What exactly is a const variable?

Both.

Since The value of variable car and the state of the object that's inside this variable are the same thing.

An objects is nothing more than the aggregation of its members.

Both are correct:

A- The value of variable car can't be changed. I.e., I can't put inside it a different Car.

you will not be able to assign to car any other Car class instances. If you are using java, then this is not the same as assigning reference to new variable, in c++ whole object is copied in this case.

B- The object itself that this variable holds cannot be changed. I.e., we can't change the state of the object that's inside this variable.

its correct because you will only be able to call const methods which are also not allowed to modify fields, unless they are marked as mutable.

This isn't an entirely straightforward question. Specifically, making car const makes the compiler treat all of car's non-mutable members as const. It also prevents you from calling non-const member functions on car.

What does treating a member as const mean? Well, it depends on its type. If it's a pointer, it's the pointer and not the pointee that is treated as const. Say we have the following class:

class C { public: Foo foo; Bar *bar; mutable Baz baz; void nc() { foo = ...; // fine bar = ...; // fine *bar = ...; // fine baz = ...; // fine } void c() const { foo = ...; // not fine bar = ...; // not fine *bar = ...; // fine baz = ...; // fine } }; const C c; c.foo = ...; // not fine c.bar = ...; // not fine *c.bar = ...; // fine c.baz = ...; // fine c.nc(); // not fine c.c(); // fine 

If you had a const instance of C, you would be able to call const member functions on it. You (depending on access) or those const member functions would also be able to change the thing pointed to by bar and the actual object baz, but not foo or bar, since the compiler would treat foo as being of type const Foo, bar as being of type Bar *const and baz as being of type Baz.

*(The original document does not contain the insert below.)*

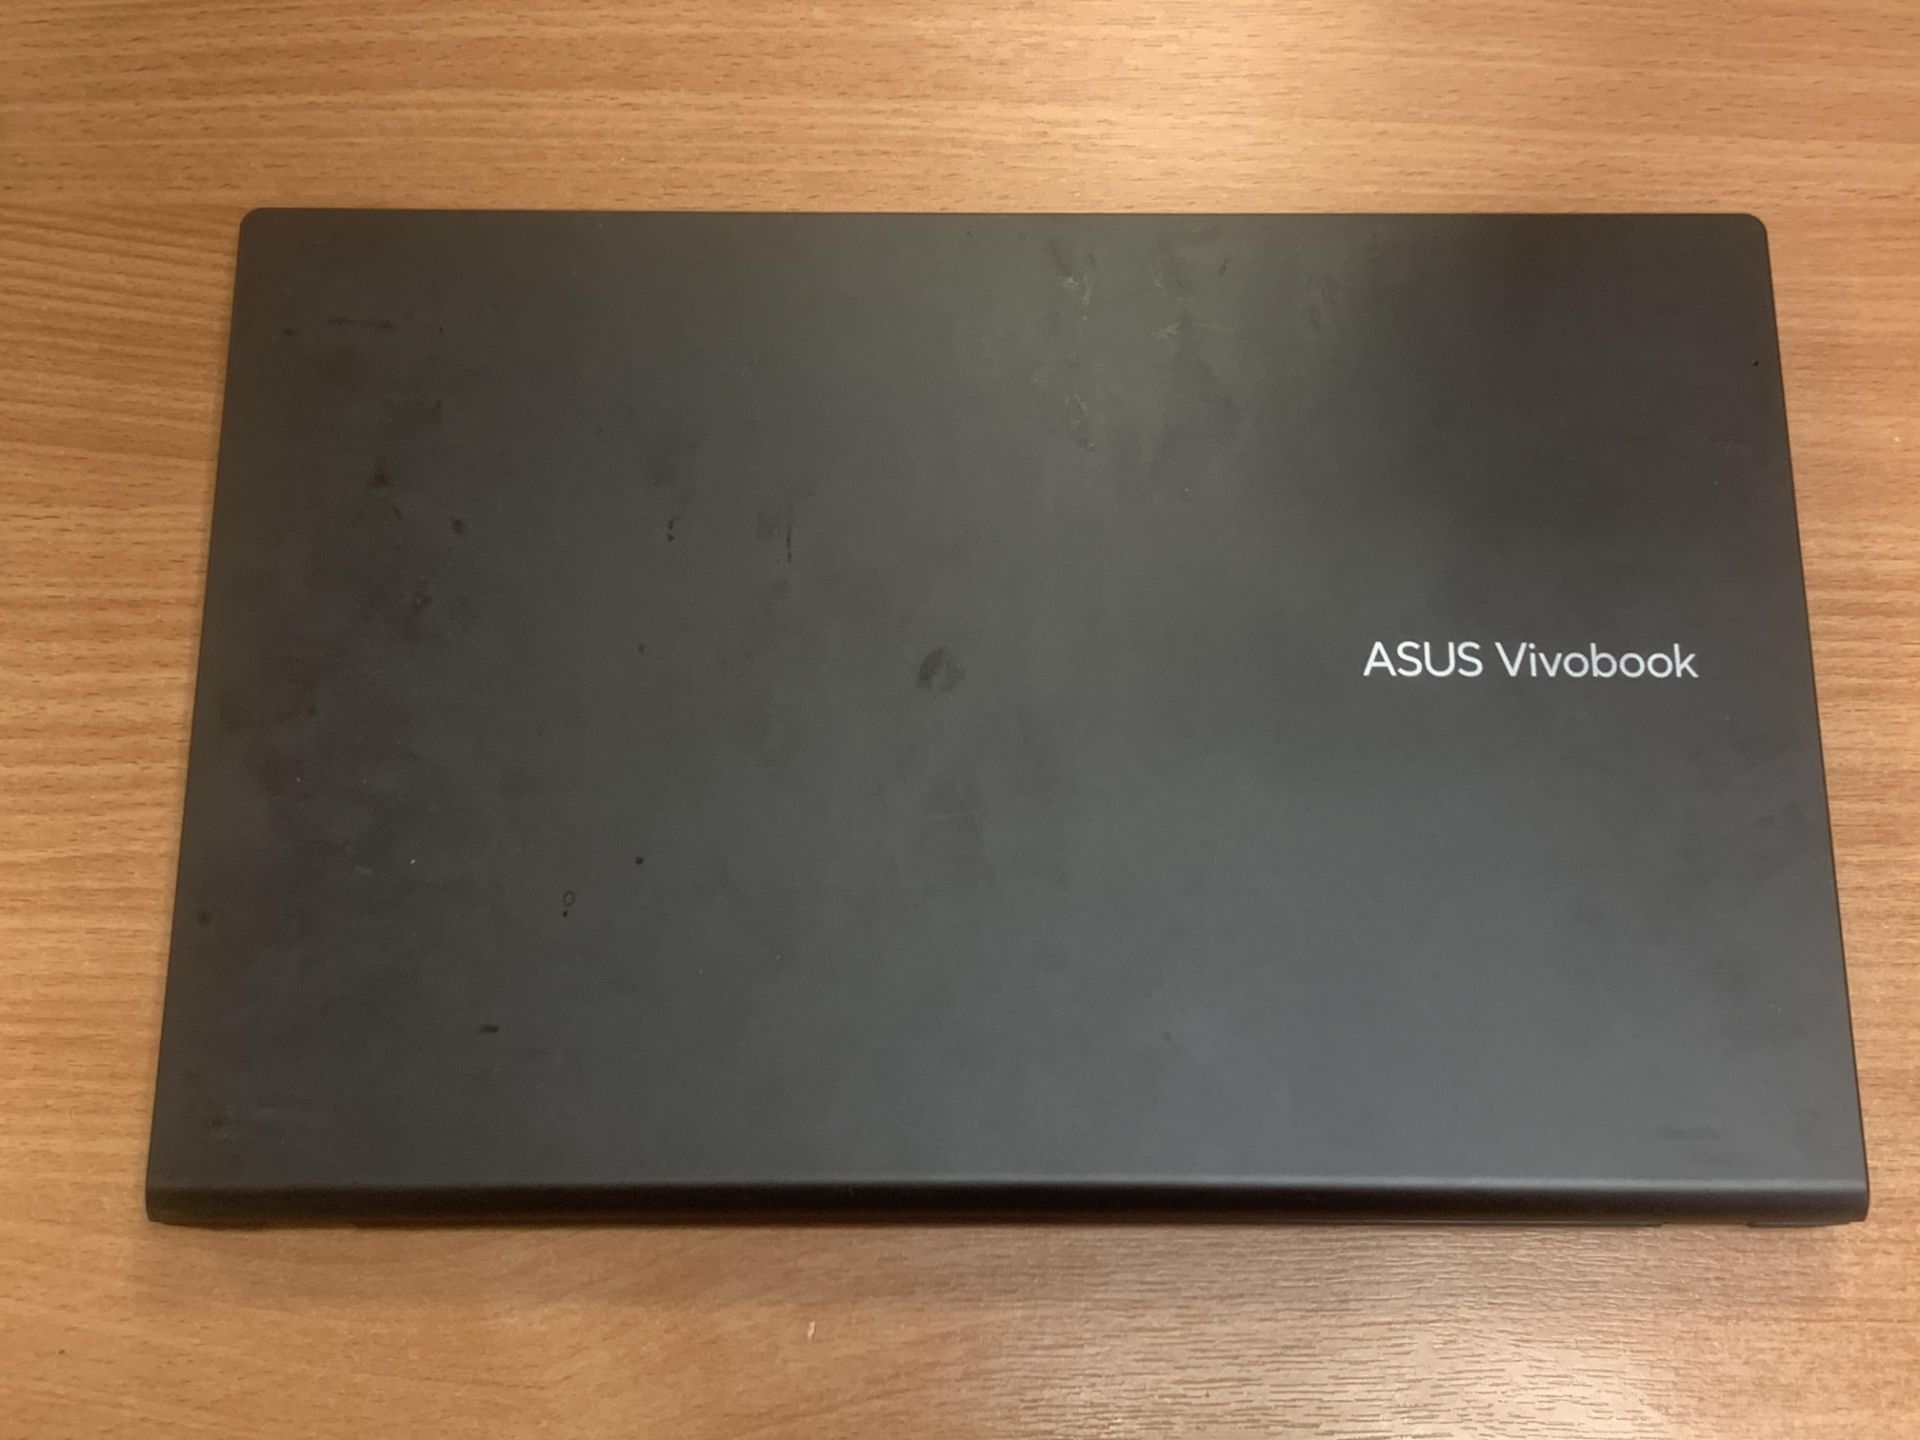 Asus Vivobook Laptop - Image 2 of 5

To directly address your question, both A and B are roughly correct views of what's going on, but neither captures the true situation well enough to be an answer to the question.

In particular, A (which essentially says you can't assign to const objects) is a simplification, since it's possible (maybe unwise, but possible) to write an assignment operator that only assigns to mutable members or to pointees.

B is a simplification because it doesn't take into account the possible presence of mutable members inside your class. Depending on what you mean by 'state', it's closer to the truth, since mutable members are often used as part of the private implementation and don't represent part of the class's logical state, but it's still not really accurate.

Both are true. Assigning a new Car to car is done by invoking Car::operator=(Car const& other), whether explicitly implemented or compiler-generated. That, in turn, assigns all of the members of car from those of other. So assignment is state-changing.

From the confusion, I wonder if you're more used to a language like C# or Java which has reference-typed object variables instead of object-typed variables. There (like with pointers in C++), assigning to a variable is different from changing its state, because the original Car stored in car would still be out there somewhere, unchanged. But with value-typed object variables, you're not really putting "a different Car inside it" -- you're changing the original Car so that it looks the same as the new Car.